Mami had temporary amnesia as well, except: where she was eight years old, I was twenty-three. Where she fell down an empty well, I crashed my bicycle into an opening car door. Where she nearly bled to death in Ocaña, Colombia, in darkness, thirty feet below the earth, I got to my feet seemingly unharmed and wandered around Chicago on a sunny winter afternoon. Where she didn t know who she was for eight months, I couldn t remember who I was for eight weeks.
They say the amnesias were a door to gifts we were supposed to have, which Mami s father, Nono, neglected to pass.
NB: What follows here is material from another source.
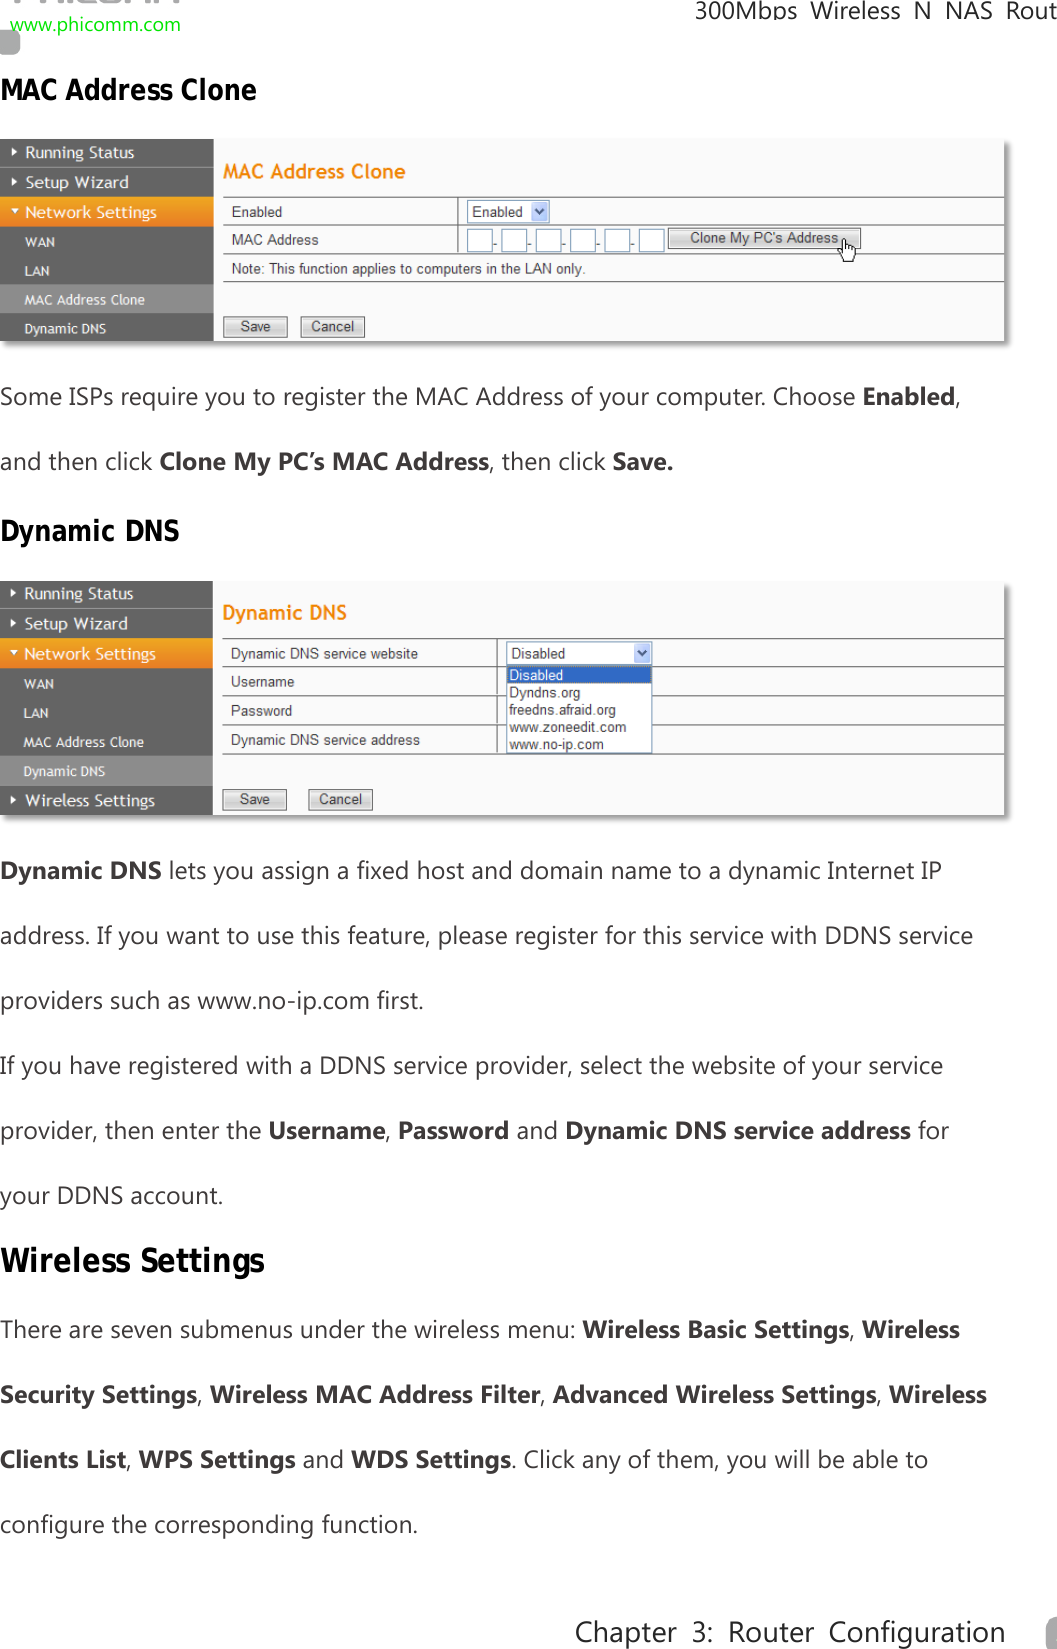                                                            300Mbps Wireless N NAS  Rout www.phicomm.com 23 Chapter 3: Router Configuration  MAC Address Clone  Some ISPs require you to register the MAC Address of your computer. Choose Enabled, and then click Clone My PC’s MAC Address, then click Save. Dynamic DNS  Dynamic DNS lets you assign a fixed host and domain name to a dynamic Internet IP address. If you want to use this feature, please register for this service with DDNS service providers such as www.no-ip.com first. If you have registered with a DDNS service provider, select the website of your service provider, then enter the Username, Password and Dynamic DNS service address for your DDNS account. Wireless Settings There are seven submenus under the wireless menu: Wireless Basic Settings, Wireless Security Settings, Wireless MAC Address Filter, Advanced Wireless Settings, Wireless Clients List, WPS Settings and WDS Settings. Click any of them, you will be able to configure the corresponding function.   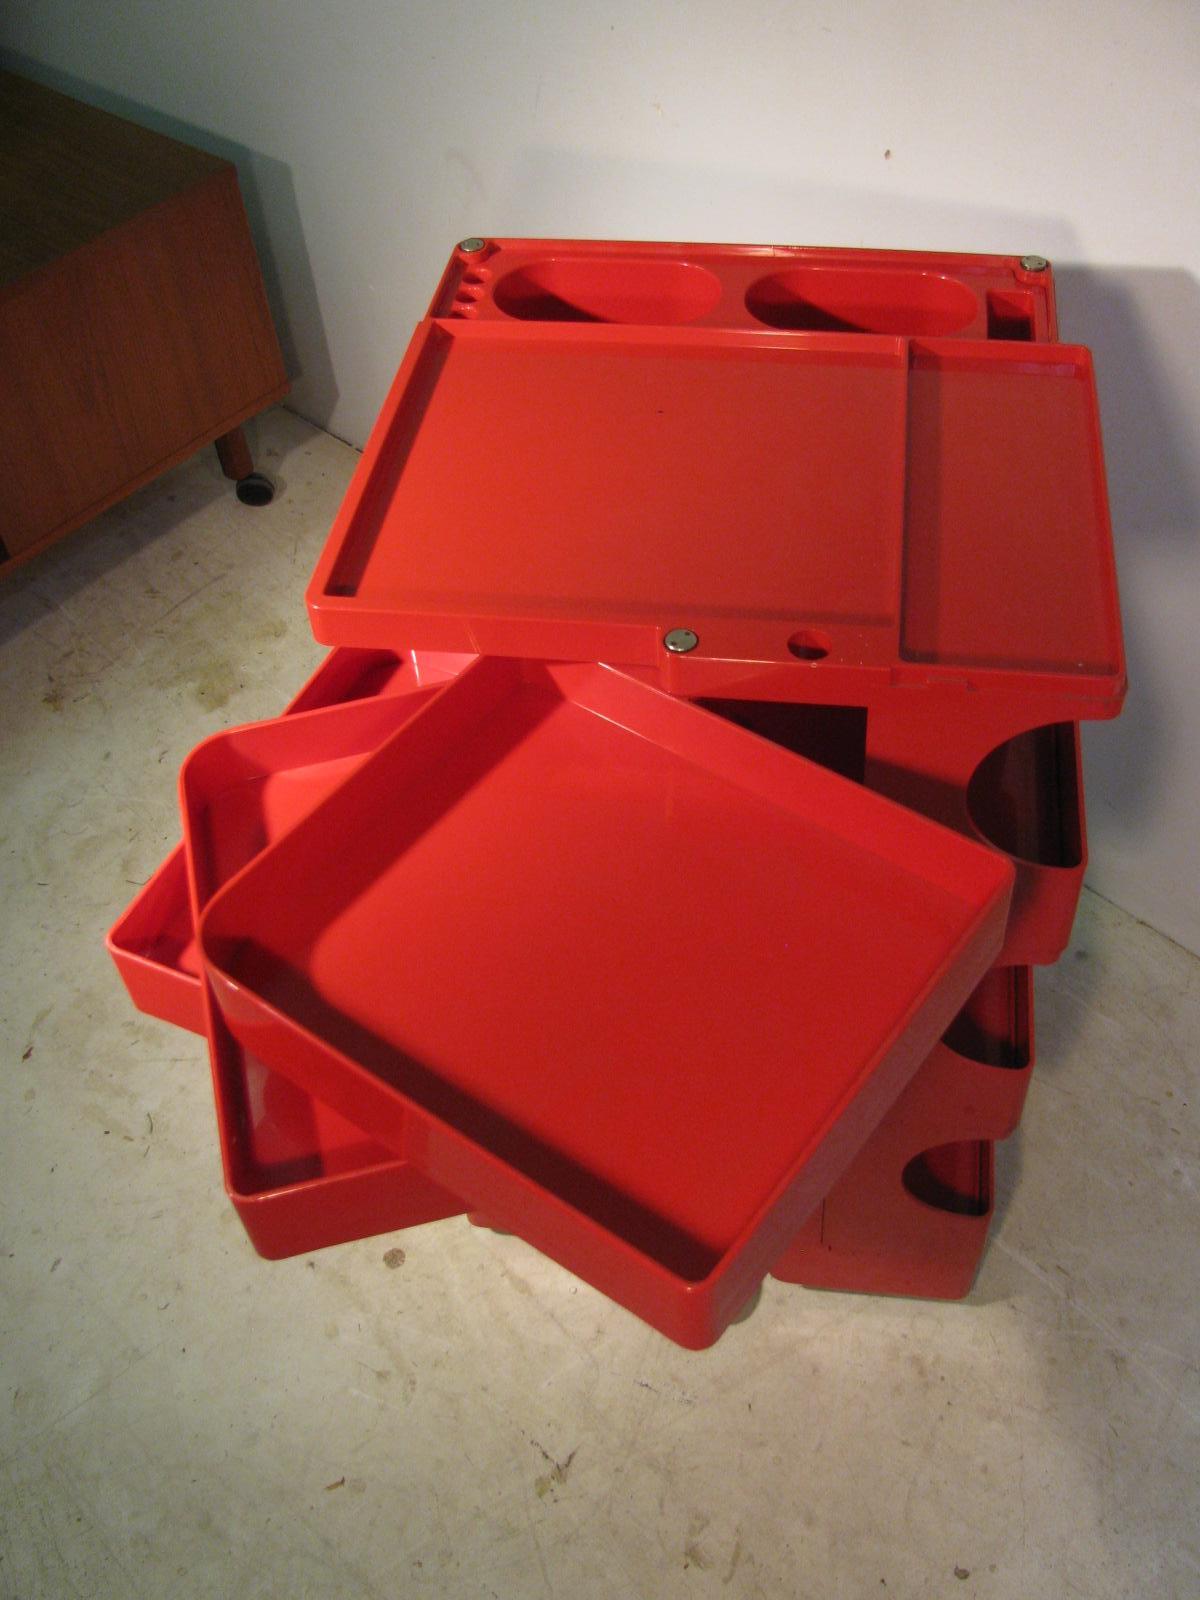 Fabulous red trolley work station Boby Cart by Bieffleplast for Joe Columbo. Versatile cart which is in the permanent collection of both the MOMA and the Triennale in Milan. Has a few minor scratches on top. Insert tray (pictured) and separation

Nono was a curandero. His gifts were instructions for talking to the dead, telling the future, healing the ill, and moving the clouds. We were a brown people, mestizo. European men had arrived on the continent and violated Indigenous women, and that was our origin: neither Native or Spanish, but a wound. We called the gifts secrets. In the mountains of Santander, the fathers had passed the secrets to the sons, who passed the secrets to the sons, who passed the secrets to the sons. But none of his sons, Nono said, had the testículos required to be a real curandero. Only Mami, strong-willed, unafraid, more of a man than most men in his eyes, whom he liked to call mi animal de monte, could have housed the gifts. But Mami was a woman, and such things were forbidden. If a woman came to possess the secrets, it was said that misfortune would soon follow.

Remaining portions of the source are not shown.